By comparing our factored expression with the options, we can clearly see that option C, $(m-6)(m-8)$, is the correct answer. This confirms our analysis and demonstrates the effectiveness of the factoring by inspection method. The ability to quickly identify factors and verify them through expansion is a valuable skill in algebra and beyond. This skill allows us to solve equations, simplify expressions, and tackle more complex mathematical problems with confidence.

The process of expanding the other options can further illustrate why they are incorrect. For example, expanding option A, $(m-12)(m-4)$, gives us m^2 - 16m + 48, which does not match the original quadratic expression. Similarly, expanding option B, $(m-12)(m+4)$, gives us m^2 - 8m - 48, and expanding option D, $(m+6)(m+8)$, gives us m^2 + 14m + 48. None of these expansions match the original expression, further solidifying our conclusion that option C is the correct answer. This exercise highlights the importance of verification in the factoring process and reinforces the understanding of how binomial factors combine to form quadratic expressions.

Conclusion: Option C is the Correct Answer

Therefore, the factors of m^2 - 14m + 48 are (m - 6)(m - 8), which corresponds to option C. This solution demonstrates the application of factoring techniques to quadratic expressions. By systematically analyzing the coefficients and applying the principles of factoring, we successfully identified the correct factors. This problem serves as a valuable exercise in mastering factoring skills, which are essential for success in algebra and higher-level mathematics. The ability to factor quadratic expressions efficiently and accurately is a key skill for solving equations, graphing functions, and tackling various mathematical problems.

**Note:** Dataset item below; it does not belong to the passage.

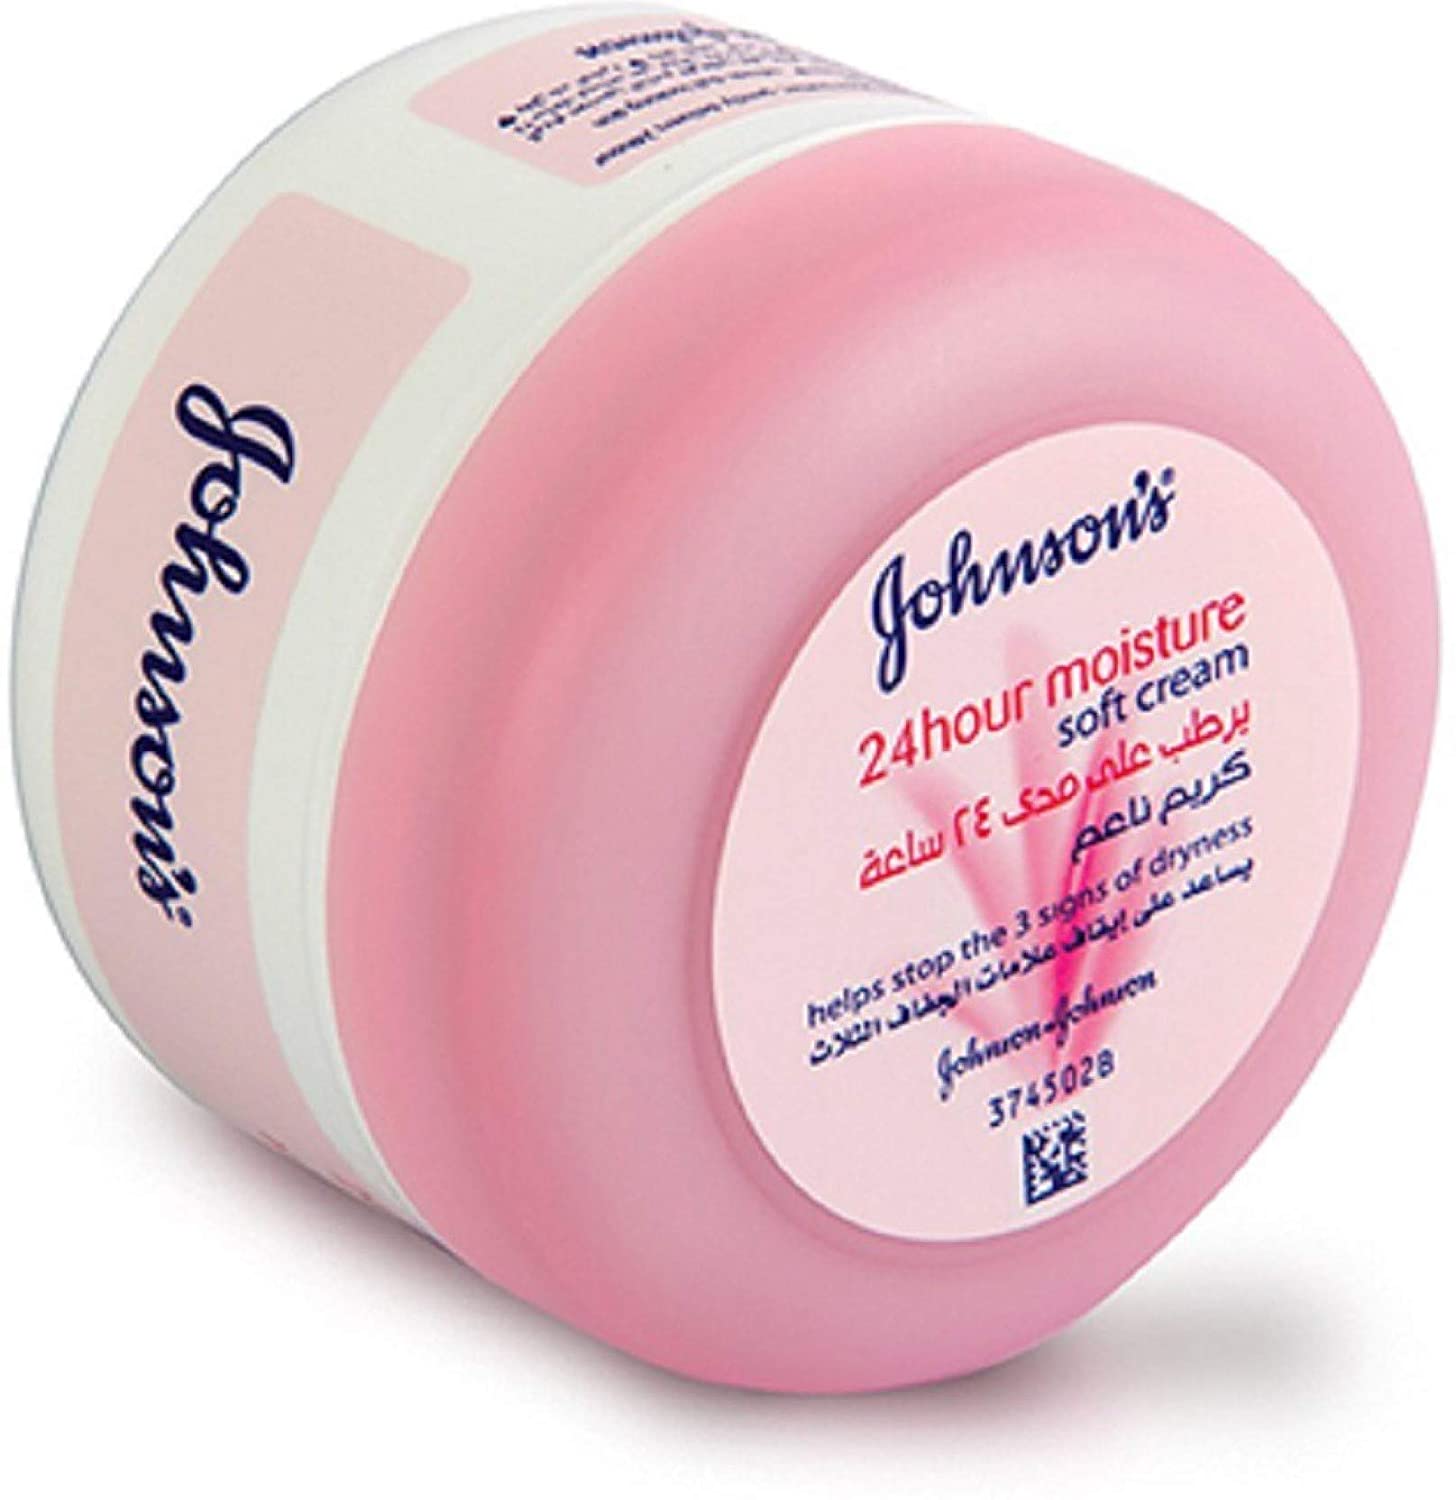 Johnsons 24 Hour Moisture Soft Cream 200ml Pink - Baby Moo

Factoring quadratic expressions is not just a mathematical exercise; it's a fundamental tool for solving real-world problems. Quadratic equations, which are closely related to quadratic expressions, appear in various fields, including physics, engineering, economics, and computer science. For example, quadratic equations can be used to model the trajectory of a projectile, the optimal design of a bridge, or the growth of a population. By mastering factoring techniques, you equip yourself with the ability to solve these types of problems and make informed decisions in various contexts. The applications of factoring extend far beyond the classroom, making it a valuable skill for personal and professional growth.

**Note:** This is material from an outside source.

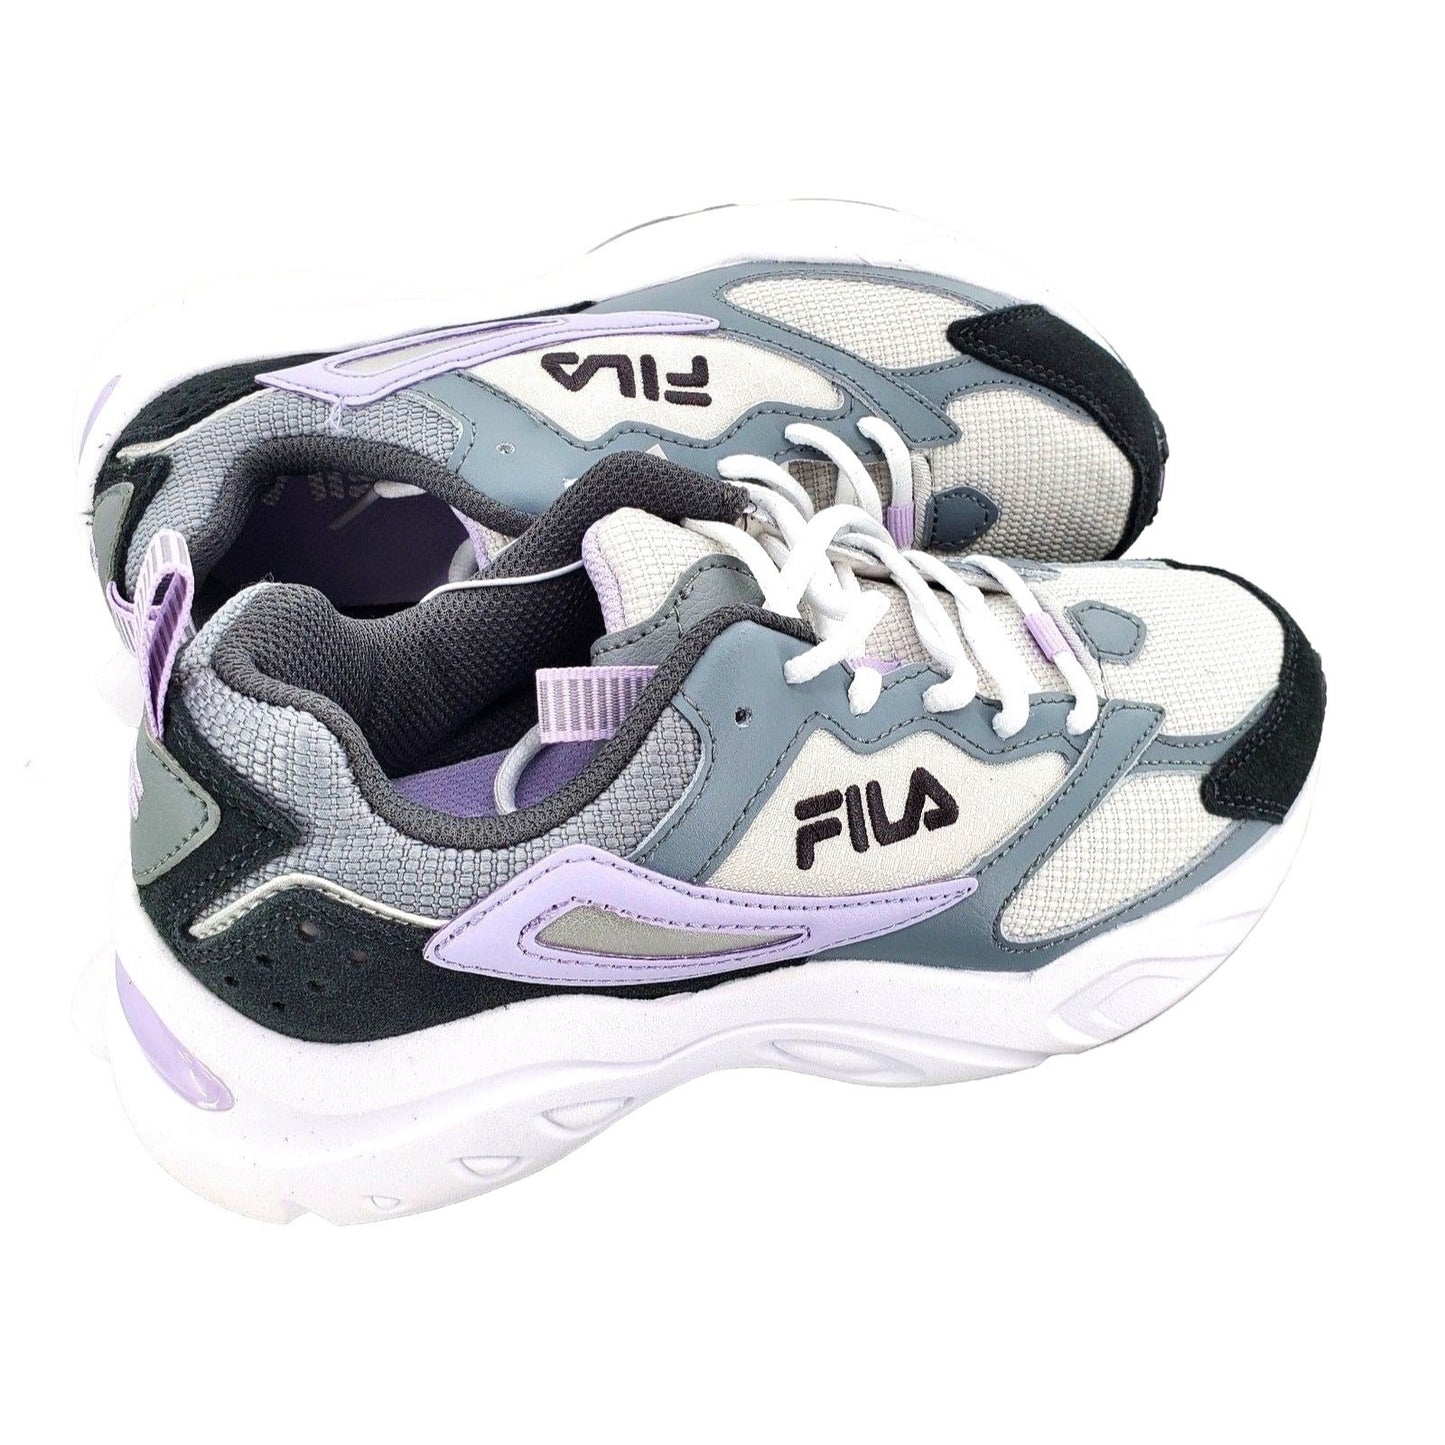 FILA Avtivewear Sneakers Women's Lilac Purple Envizion Athletic Shoes

In conclusion, the correct factors of the quadratic expression m^2 - 14m + 48 are (m - 6)(m - 8). This solution was obtained by systematically analyzing the coefficients of the quadratic expression, identifying the appropriate factors, and verifying the result through expansion. This problem demonstrates the importance of factoring skills in algebra and highlights the versatility of quadratic expressions in various mathematical and real-world applications. By mastering factoring techniques, you gain a powerful tool for solving problems, making informed decisions, and advancing your understanding of mathematics and its applications.